Carvalho observa que a avaliação sobre a competitividade da produção não pode levar em conta apenas o volume de leite produzido diariamente pelos animais. A Nova Zelândia, com produção total de 19,7 bilhões de litros no ano passado, tem rendimento por animal menor que Estados Unidos e Argentina, mas o leite que produz tem teores de gordura e proteína mais altos – é “um leite mais rico”, afirma. Comparando-se com o Brasil, que tem produtividade por animal menor, a vantagem neozelandesa é ainda superior.
O analista acrescenta que nem sempre a maior produtividade por vaca significa custos mais baixos ou maior rentabilidade. “Isso depende do sistema de produção. O exemplo mais evidente é a Nova Zelândia, que mesmo com produção por vaca menor, tem custo mais baixo do que os EUA e tem quase 40% do mercado de exportação”, diz Carvalho. O que permite os custos mais baixos é o sistema de produção do país da Oceania, onde os animais são criados a pasto, com forragens de alta qualidade. Já nos EUA, que produziram 90 bilhões de litros de leite em 2012, os animais são confinados e recebem alta suplementação alimentar.
Não bastasse a ineficiência no campo, no ano passado, os produtores de leite sofreram ainda com a alta dos custos de grãos, usados na alimentação do rebanho leiteiro.
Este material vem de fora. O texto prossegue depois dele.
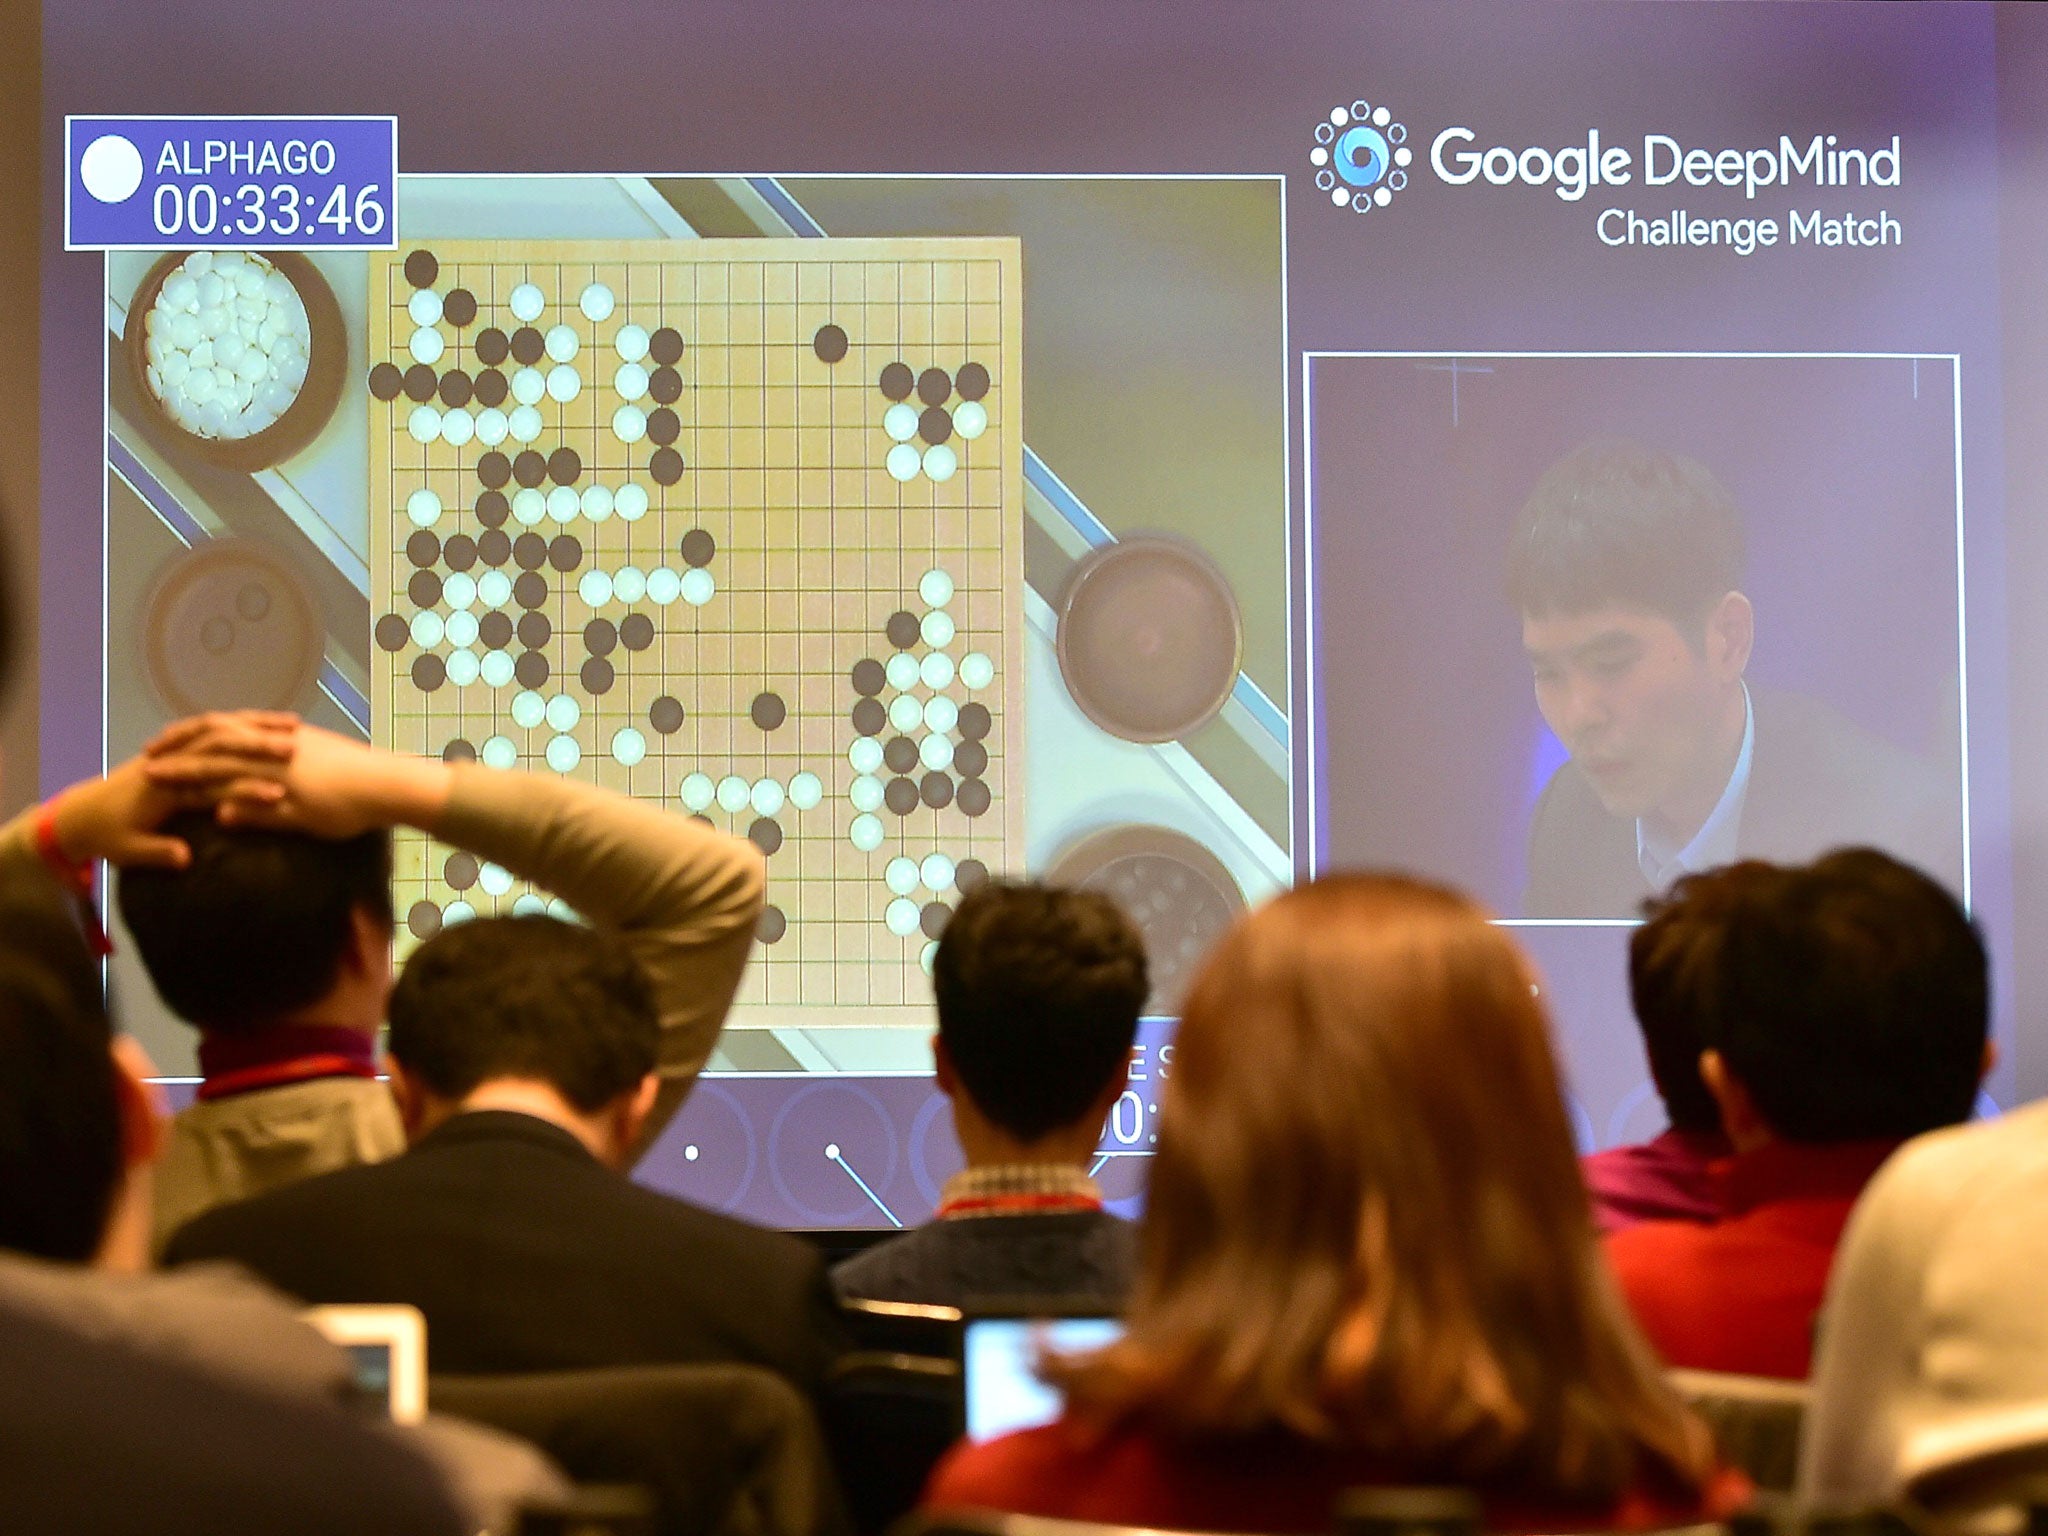 The five-match series of games took place between one of the world's top-rated Go players, Lee Se-dol, and a computer opponent by the name of AlphaGo

Os custos mais altos dificultaram a expansão da produção, avalia Rafael Ribeiro, da Scot Consultoria. Estimativas indicam que a produção total de leite no país ficou entre 32,42 bilhões e 32,5 bilhões em 2012, crescimento de apenas 1% sobre 2011.
E, diante da baixa competitividade ante os concorrentes no mercado internacional, o Brasil continua a ampliar as importações de lácteos, deixando para trás a pretensão de se tornar um exportador de peso, cenário que parecia quase realidade há alguns anos. Em 2012, as importações de lácteos subiram 3,6%, para US$ 638 milhões, segundo o Ministério da Agricultura. O déficit na balança do segmento também cresceu: quase 5%, para US$ 518,6 milhões.